What Is Laser Eye Surgery?
You may have heard many stories about laser eye surgery, and that more and more people have decided to "take the plunge" and undergo the procedure to improve their quality of life.  You know it has something to do with lasers, obviously, but what exactly does this laser do? 
To fully understand the function of this laser, we must first understand why the most common eye disorders happen.  The most common eye disorders (nearsightedness, farsightedness, and astigmatism) are caused by "refractive errors".  Refractive errors are caused by a misshapen cornea (the transparent outer surface of the eye through which light travels as it enters the eye).

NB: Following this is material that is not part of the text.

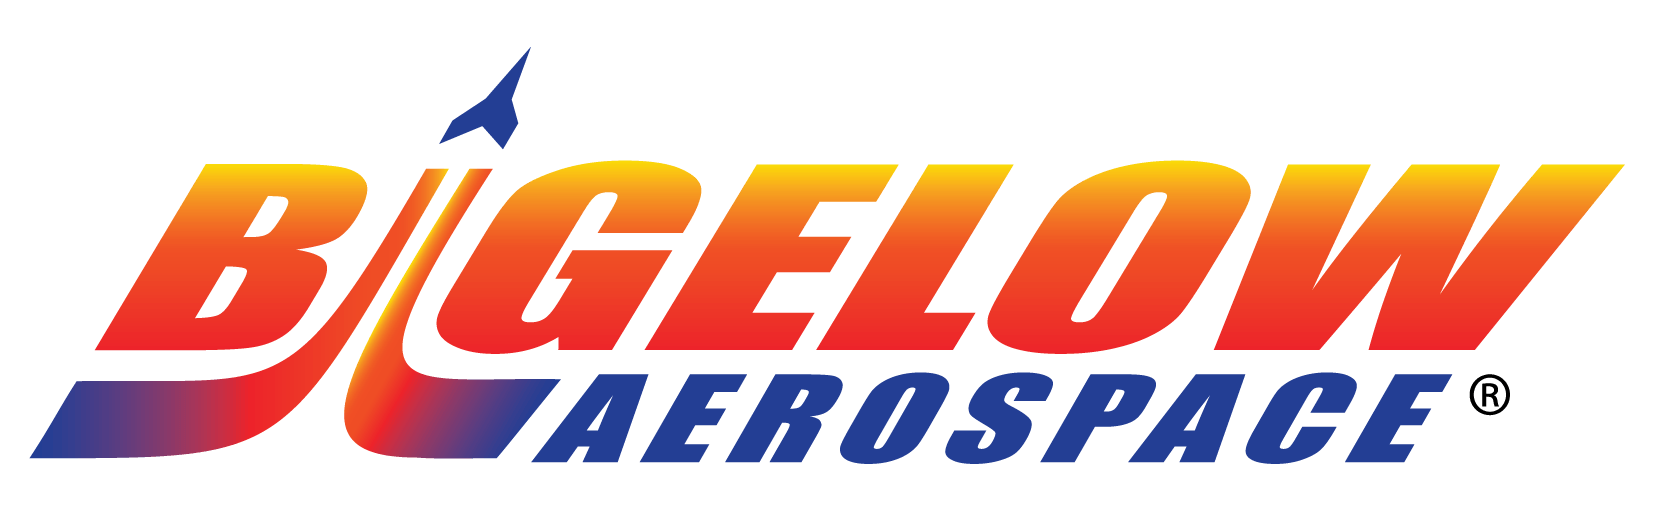 American Aero Corp Logo - Bigelow Aerospace

In laser eye surgery, a computer controlled device called an eximer laser essentially "reshapes" your cornea.  In basic terms, the laser transfers your eyeglass or contact lens prescription onto the surface of your eye.  The reshaping is accomplished through a process called photoablation, in which a precisely controlled beam of ultraviolet light is used to stimulate the molecules of your cornea to the point where certain targeted tissue molecules break and vaporize.
Different Surgical Techniques For Different Eye Disorders
When treating nearsightedness (where the cornea is too steep), the surgeon will remove tissue from the center of the cornea to flatten the surface.  When treating farsightedness (where the cornea is too flat), tissue is removed from the outside perimeter of the area to make the central portion of the cornea effectively "steeper."  For astigmatism, tissue is removed from the area of the cornea  where it is unevenly shaped.

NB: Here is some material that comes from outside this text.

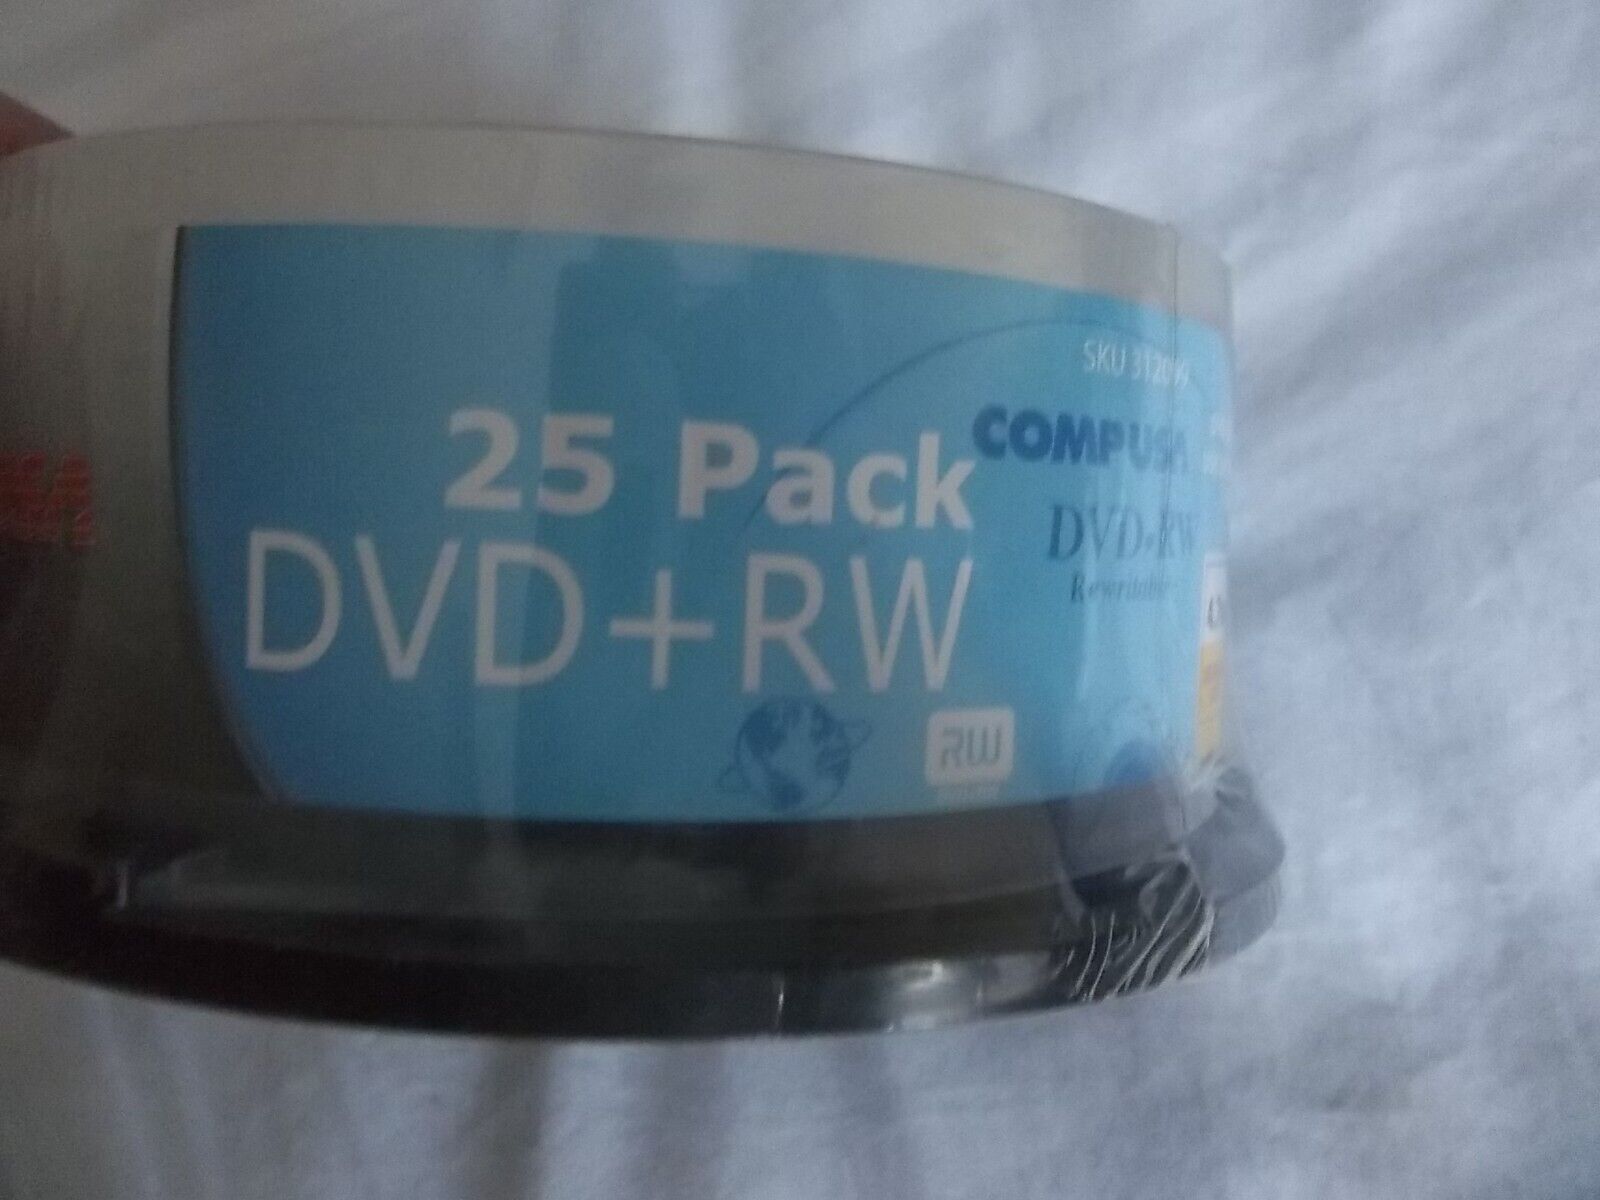 CompUSA 25 Pack DVD+RW 4.7GB 4X speed

You can compare the cornea to the glass that covers a camera lens.  If this "glass" is distorted in any way, it affects the "picture" that is projected onto your retina, and passed onto your brain as an image.  Usually this problem is compensated for by corrective eyewear or contact lenses. (For more details, see the eye anatomy page).
"Vaporizing tissue?"  This might sound quite extreme to you, especially when you consider how sensitive our eyes are to pain.  But these are not the destructive laser beams you may have seen in science fiction movies.  The eximer laser is on the "cool" end of the light spectrum, and can only remove a maximum of 0.25 microns of corneal tissue at a time.  This is approximately 1/500th the thickness of a human hair.  Since a human hair is about 125 microns thick, it would take 500 laser pulses to break through a human hair.  Your cornea is about 500 to 600 microns in thickness, therefore it would take 2,000 laser pulses or more to break through your cornea!  In most cases, the surgeon will remove between 10 and 160 microns of tissue to correct your vision problem, well within safety limits.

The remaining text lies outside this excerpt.